If I thought Waverly was blushing before, that has nothing on her now.

“Stop talking about this, or we’ll leave and stay elsewhere,” Tristan exclaims.

“Not over Christmas, you won’t,” his grandmother deadpans before she says something in French I only catch half of. My French is good but not great, and that woman speaks fast when she’s upset. Something along the lines of there being noopen hotel rooms in the city and that he should propose to Waverly.

“Sex and marriage are perfectly natural things to talk about, dear,” his mother declares.

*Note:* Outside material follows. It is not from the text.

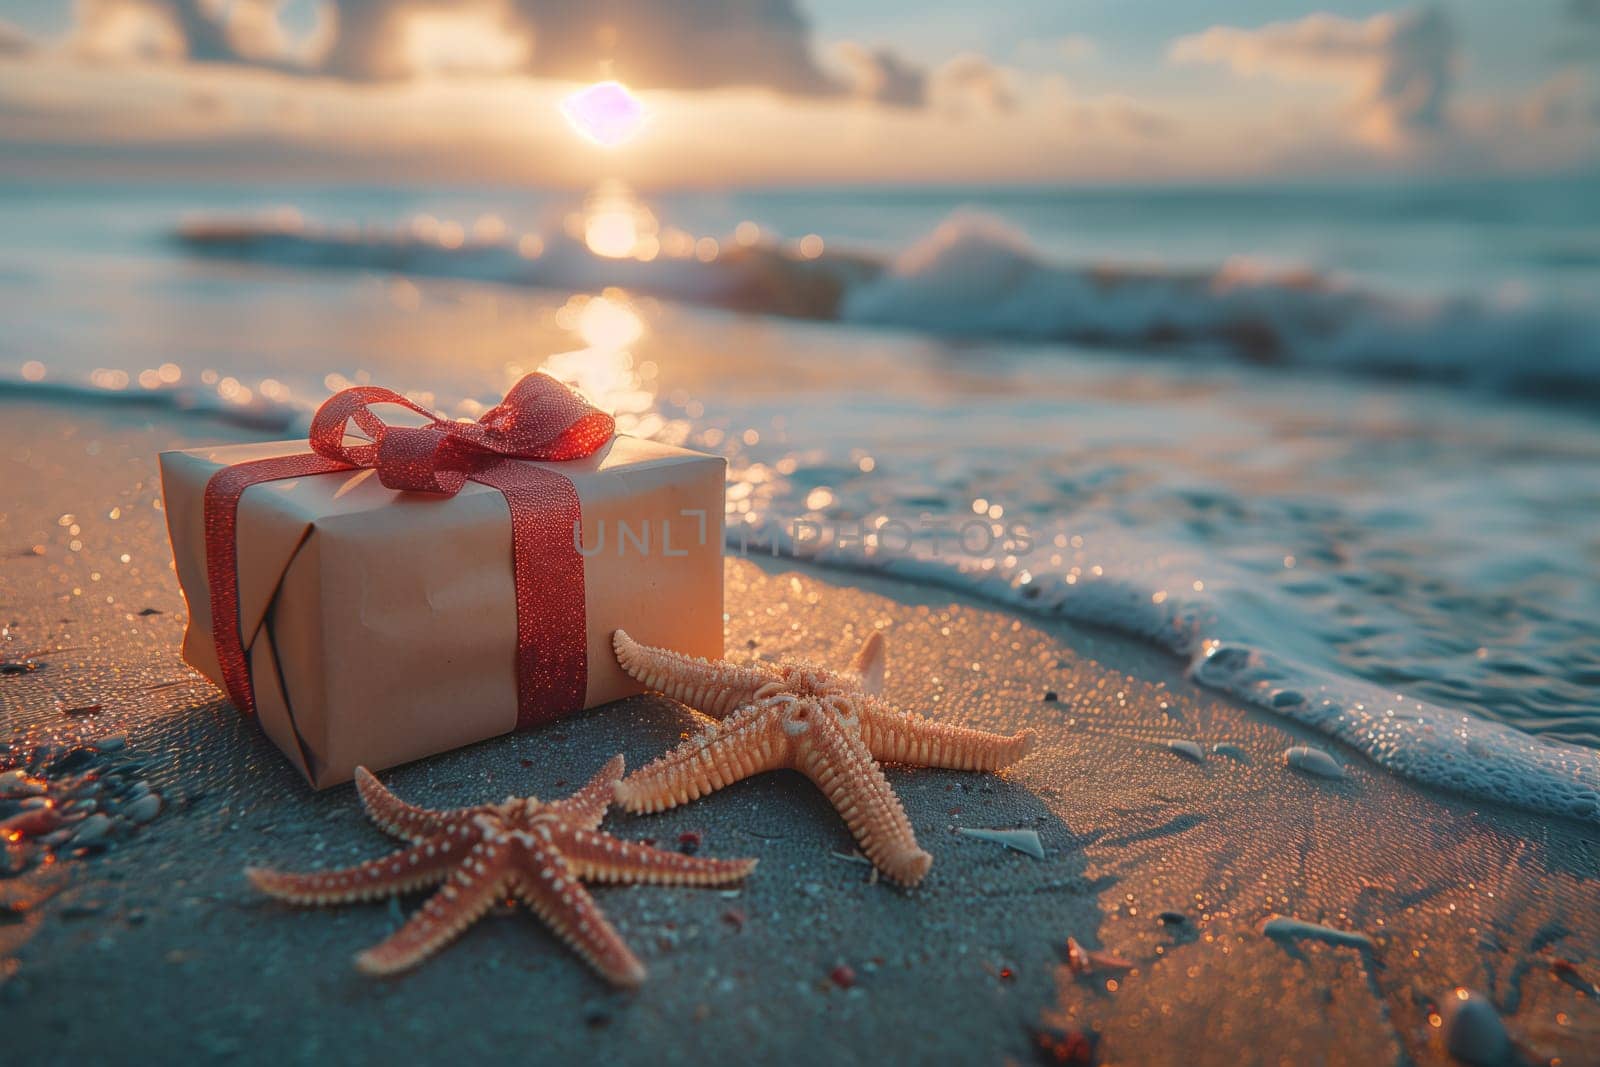 A gift box and starfish rest on the sandy beach near the vast ocean under the clear blue sky. The natural landscape is a mix of art and leisure, offering a serene view for travelers

“Not over breakfast and not with my parents and grandmother and not with my girlfriend present. You’re embarrassing her, not to mention disrespectful, and I don’t like it.”

“I’m fine,” Waverly offers softly.

Tristan leans over and whispers something in her ear that I can’t hear, but it makes her grin and giggle lightly.

I slip my hand beneath the table and rest my palm on her thigh. She’s wearing a skirt, which is a dangerous weapon since we’re set to meet the Smithfield team in an hour. If we weren’t, Tristan and I wouldn’t make it out of the building with her.

Her gaze pulls up to me. The worry in her brow is unmistakable, and it does something wild and protective to my insides. I learned at a young age that love isn’t always beautiful. It has the power to rip out your insides and leave you hollow. And when it does that to you, especially at a young age, you turn your back on it.

There’s no trust in love. Not after it betrays you like that.

That’s how I’ve lived my life.

Then two years ago a woman with dark hair and silver eyes walked into my office, and it was like Cupid took aim and made a direct hit. I fought it for two years. She worked for Tristan, and I kept my distance for the most part, watching and interacting and flirting only when I got to the point of desperation and needed a fix.